人気写真家・青山裕企が2006年より継続して制作してきた代表的シリーズ「スクールガール・コンプレックス」の7年ぶりの完全新作、『NEW SCHOOLGIRL COMPLEX』(徳間書店)が発売された。同級生の女子と目を合わせることすらできなかった青山氏自身の体験や「コンプレックス」を起点に、制服の下に潜む個性や差異を写真表現へと昇華してきた本シリーズ。
今作の発売を記念して、グラビアアイドル・長澤茉里奈との特別対談を実施。作品の魅力、コンプレックス、フェチ、そして写真の可能性という4つのテーマについて語り合ってもらった。さらに、青山裕企が長澤茉里奈をスクールガール・コンプレックスの世界観で完全撮り下ろし。ここでしか見られない、スクールガール・コンプレックス “まりちゅう編”をお楽しみください。

【写真】完全撮り下ろし、スクールガール・コンプレックス “まりちゅう編”

──ここからは「コンプレックス」についてのお話を。青山さんが人の持つコンプレックスを美しく撮るのには、どんな意図があるのでしょうか?

青山 コンプレックスって、人が持つ魅力の表裏一体だと思っているんです。例えばミニスカートを穿いて素足を出している女子校生に、「自分の脚は好きか?」と聞いてみると、「嫌い」と答える方、けっこう多いと思うんです。

長澤 わかるなあ。どの脚も魅力的なんですけどね。

青山 まさにまりちゅうの言葉通り。その人のコンプレックスって、本人以外の人から見ると「醜い」や「残念」と思うことは、統計的に少ないんです。むしろ、「ステキ」であって。
僕はそういう部分を「ステキだな」と思いながら撮っているんです。例えば笑顔。笑顔って、実はその人のコンプレックスがバッと出るんです。

長澤 うん、私も自分の笑った顔が苦手でした。笑いシワができて歯が出るし、目も細くなるし…。

青山 けれど、笑っている女の子を見て「目が細いしシワも歯も出て怖い!」と思う人はほぼいませんよね。

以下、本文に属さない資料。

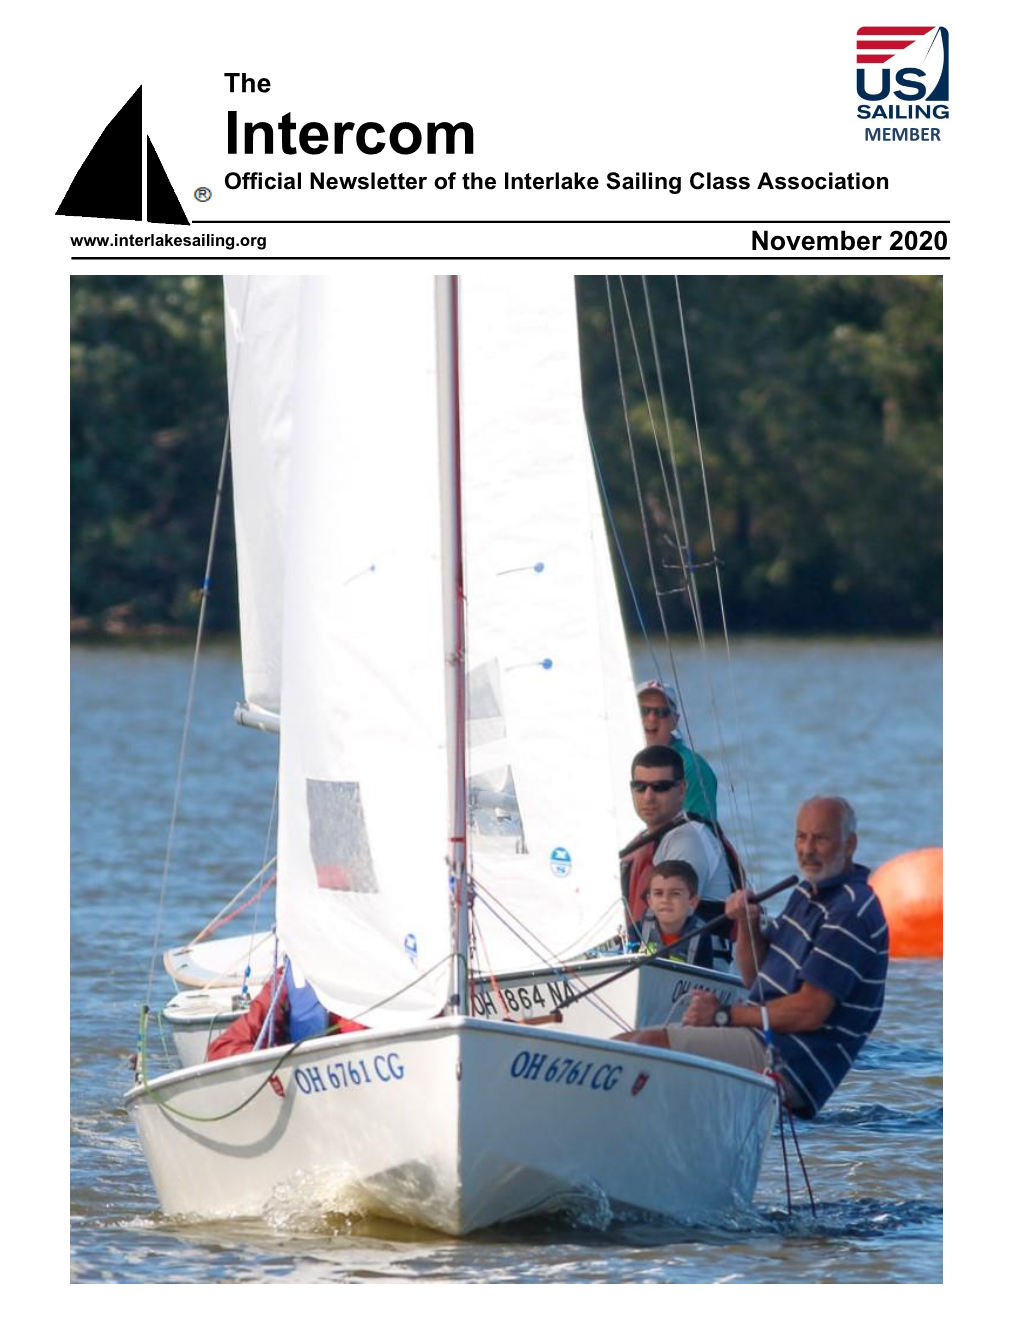 Intercom MEMBER Official Newsletter of the Interlake Sailing Class Association November 2020

長澤 確かに! そう思う人は歪んでいますよね(笑)。

青山 こうした逆転現象が、日常で四六時中起きているわけです。人の笑顔って周りの気持ちが明るくなるのに、本人はコンプレックスだと感じている。

長澤 確かに! 私も自分の笑った顔を見て「ブスやなあ!」と思っていたんですけど、青山さんのように思ってくれているのなら、「大丈夫なんだ」と勇気が出てきますね。

青山 まりちゅうですらそうなんですよね。これは女性だけでなく、男性もそう。
写真を撮りますよとなると、おじさんでもお腹を引っ込める(笑)。けどそのお腹が出ている姿が「可愛い」と思う人だって、いるでしょう。

長澤 可愛いですよ! 全然いいですよ。

青山 そういう内面と外からの印象は、かけ離れているものなんです。

──長澤さんは今回30歳になって初の制服での撮影なんですよね。ちなみに、20代の頃と30代では心境の変化はありますか?

長澤 「可愛い」と言われる機会が、20代半ばの頃より今の方が増えたんですよ! 年齢の積み重ねが強みになってきているかもしれない(笑)。

青山 まりちゅうは出会った頃からずっと若々しいし、何度も制服姿を撮らせてもらっているけれど全然違和感がない。美容やスタイルを維持されているのは当然ですが、体型が“若い”。良い意味で細すぎないのも魅力だと思います。

長澤 それ、ムクみだと思います(笑)。ラーメンとお酒は避けられませんから。

青山  (笑)。
なんというか、細すぎる方の方が、見た目が大人っぽい印象になるんです。まりちゅうは、結果として10代のリアリティぽさが出ているんだと思う。若い子もラーメンは食べますからね。

長澤 まさかラーメンが、10代の体型っぽくしていたとは(笑)。けど、このムクみすら「愛おしい」と思ってくださるのは青山さんだけかも。

青山 僕だけではないでしょうが、愛おしいと思っています(笑)。なので僕はまりちゅうの「40代初の制服」も撮りたいです。

長澤 いいですね!絶対に良い味が出ていると思うのでお願いします。